In: Statistics and Probability
What percentage of the area under the standard normal curve falls between z = - 0.51 and z = 0
Let Z be the standard normal varaite
that is probability curve of z is symmetric with mean = 0 and variance =1
To find P( -0.51 < z < 0)
From z table we find
P( -0.51 < z , 0) =0.1950
Therefore 19.50 % of the area under the standard normal curve falls between z =- 0.51 and z =0 .

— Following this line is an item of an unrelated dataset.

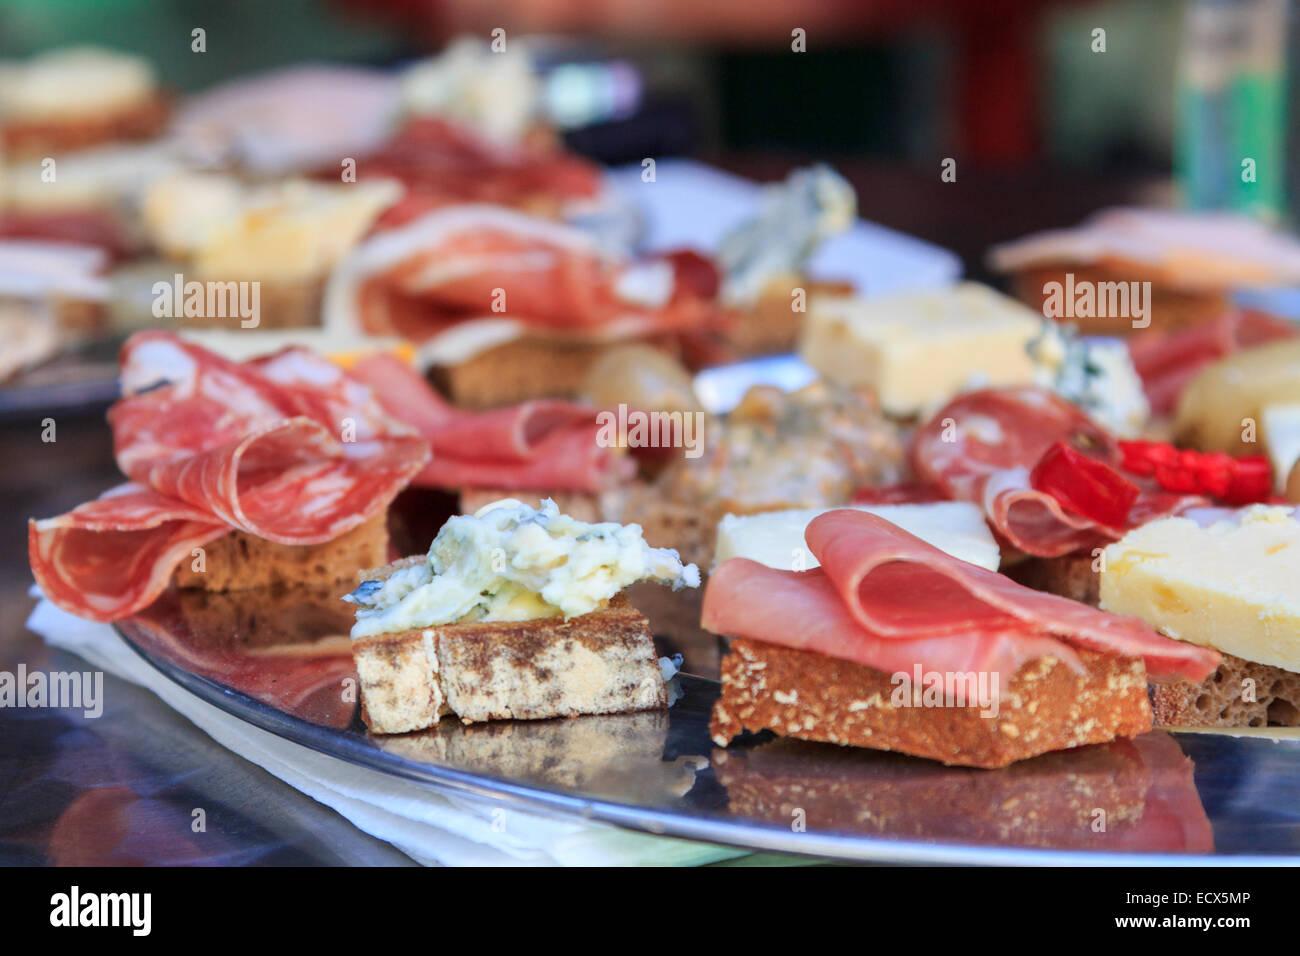 Würzige Fleisch und Käse Häppchen von verschiedenen Arten, die auf einem silbernen Metall-Teller Stockbild

Note : The z table : area from 0 to z , as z is a symmetrical curve, P( -0.51 < z <0) = P( 0, z < 0.51) =0.1950
In the z table we look for 0.5 in the first column and 0.01 in the first row , the corresponding cell is the required area or probability .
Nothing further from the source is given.